» Problem description
From the line with "Catalien Character Design" to the line with "العقوبة المقررة على", retype each line exactly as it stands in the records below, but skip the pictures.

» Recorded data

┄┄┄┄┄┄┄┄┄┄

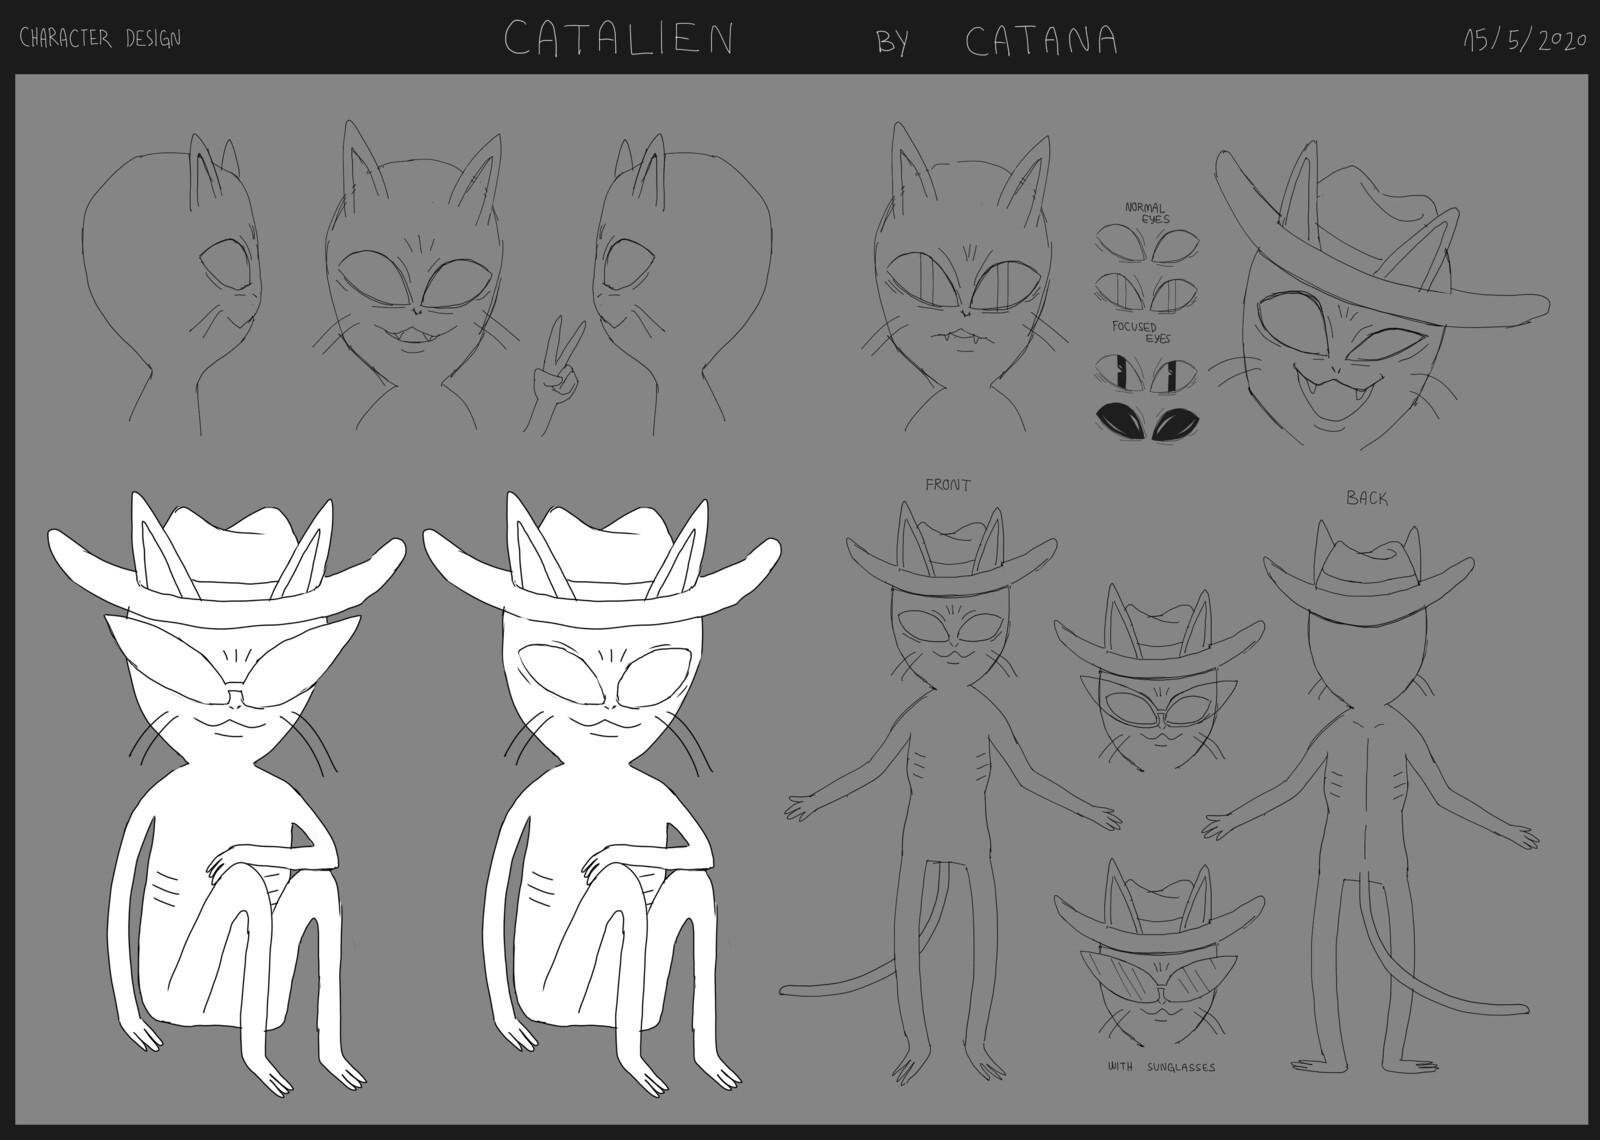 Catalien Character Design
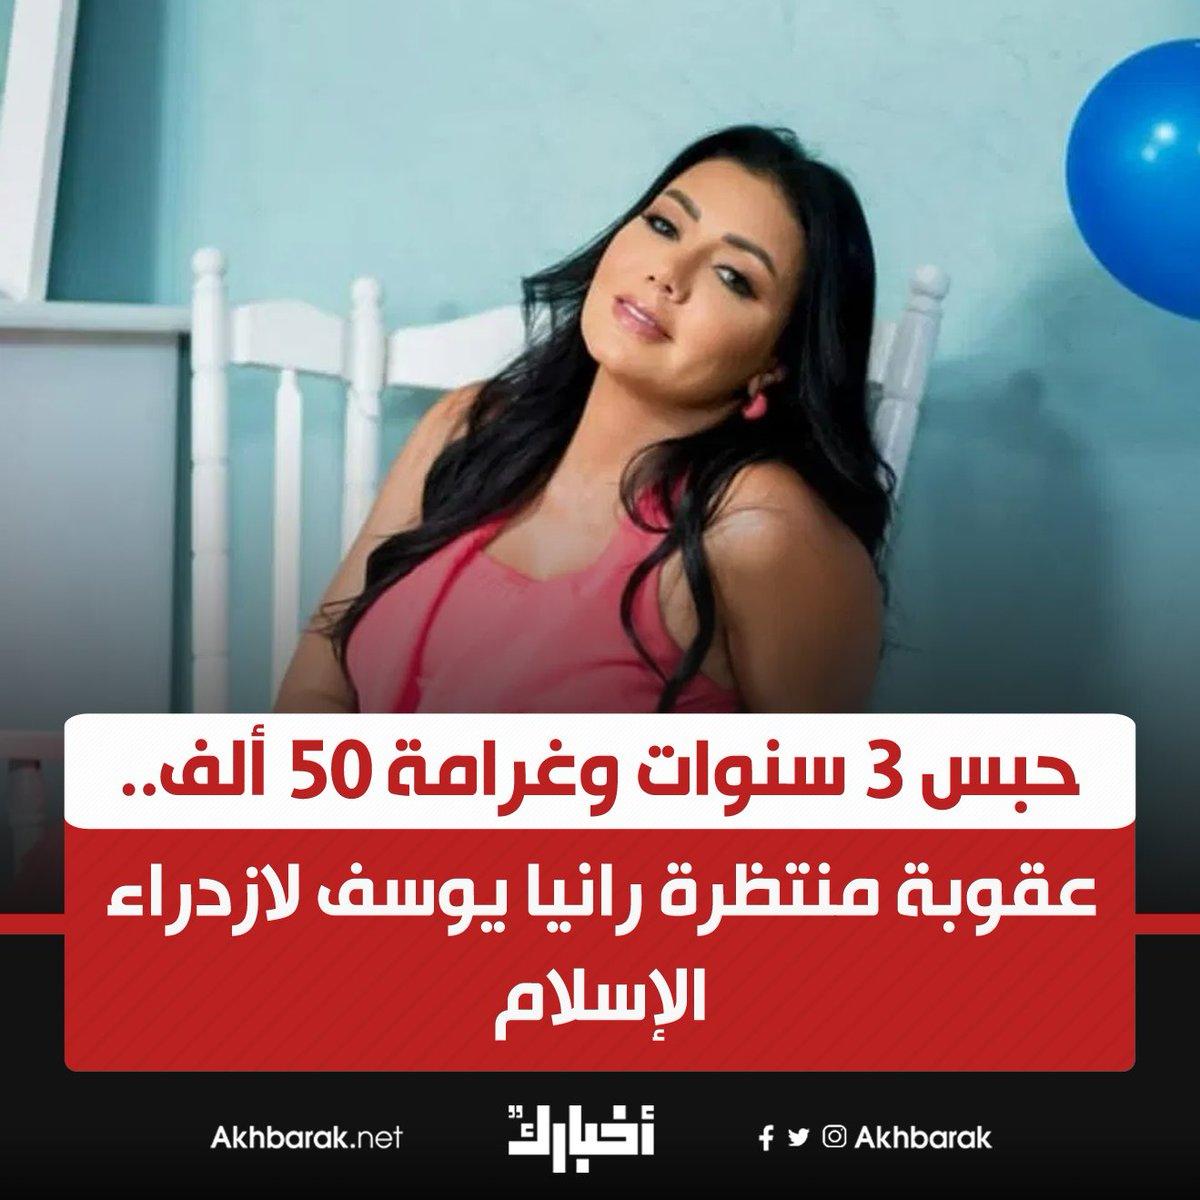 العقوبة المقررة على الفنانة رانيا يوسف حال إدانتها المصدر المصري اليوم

┄┄┄┄┄┄┄┄┄┄

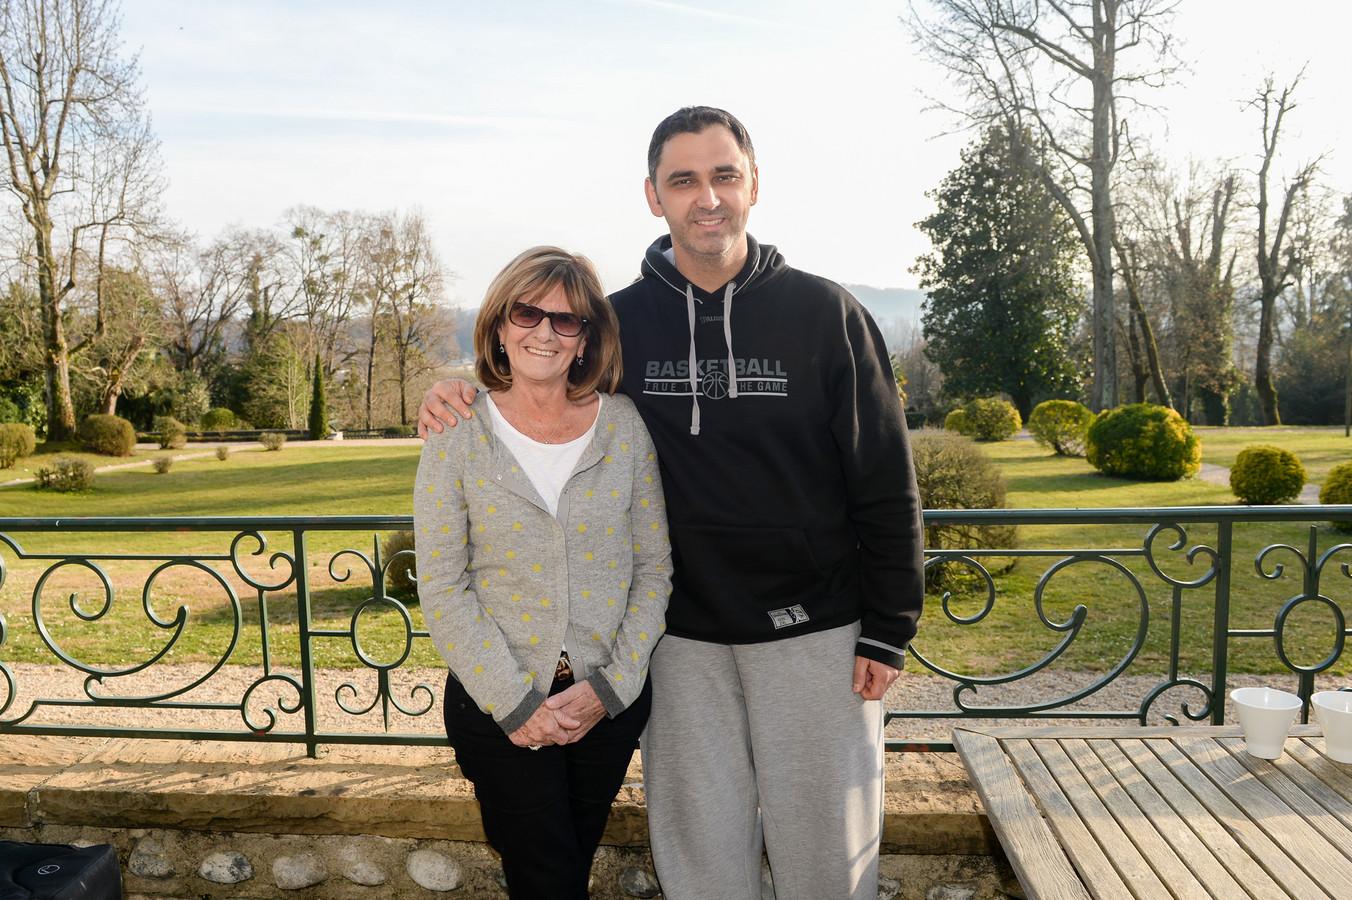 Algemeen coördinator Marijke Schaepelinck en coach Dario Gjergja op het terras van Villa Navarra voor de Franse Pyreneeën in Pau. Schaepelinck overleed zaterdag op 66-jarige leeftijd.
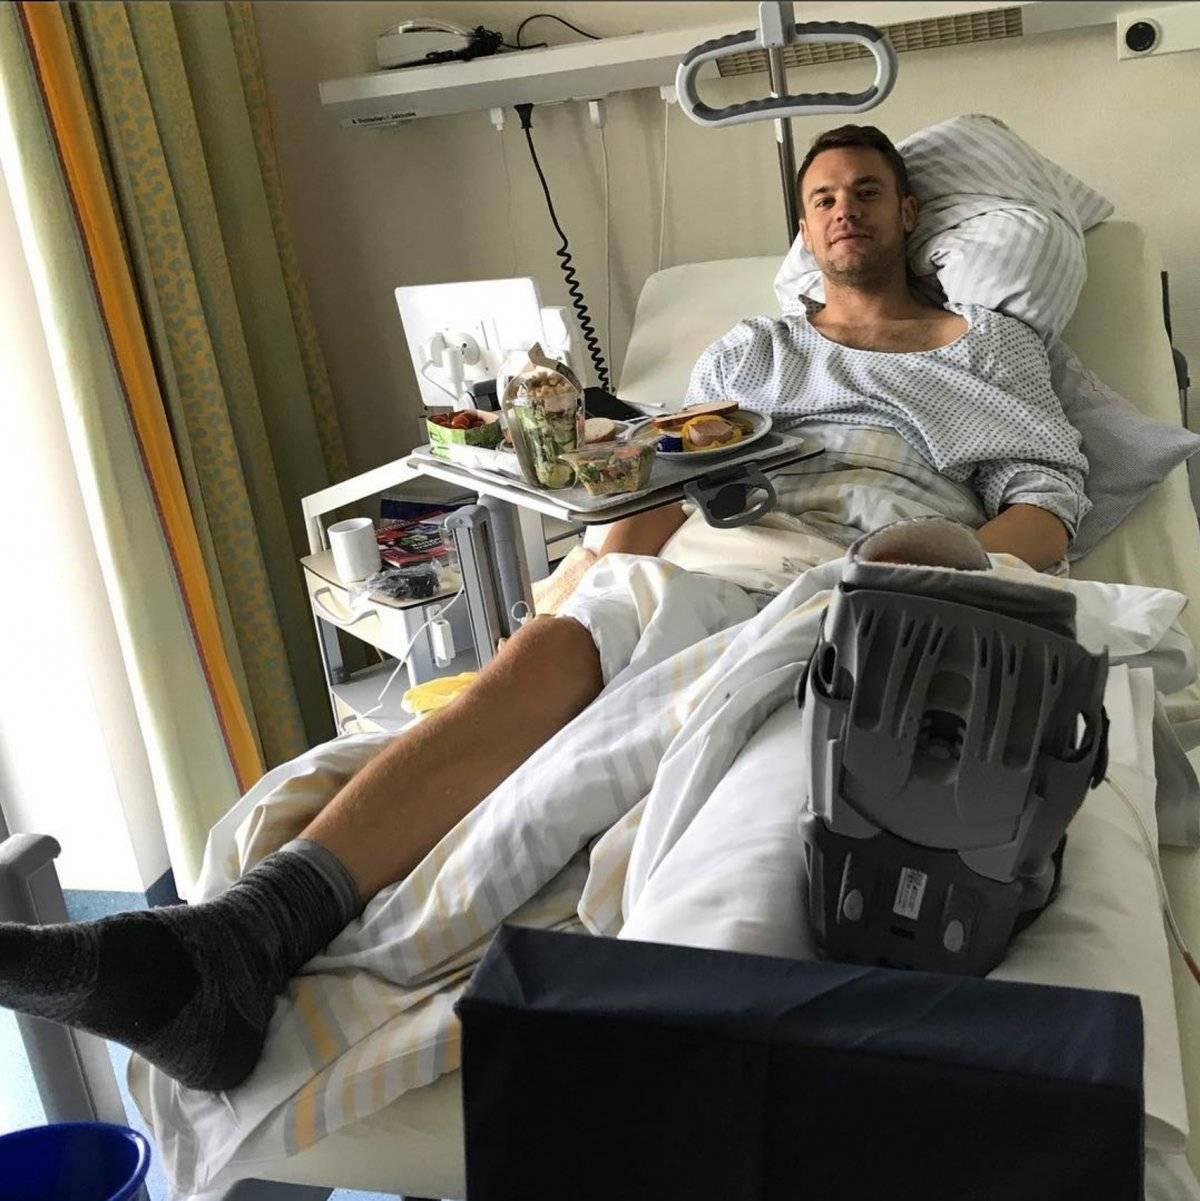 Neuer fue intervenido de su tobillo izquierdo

┄┄┄┄┄┄┄┄┄┄

» Exercise output
 Catalien Character Design
 العقوبة المقررة على الفنانة رانيا يوسف حال إدانتها المصدر المصري اليوم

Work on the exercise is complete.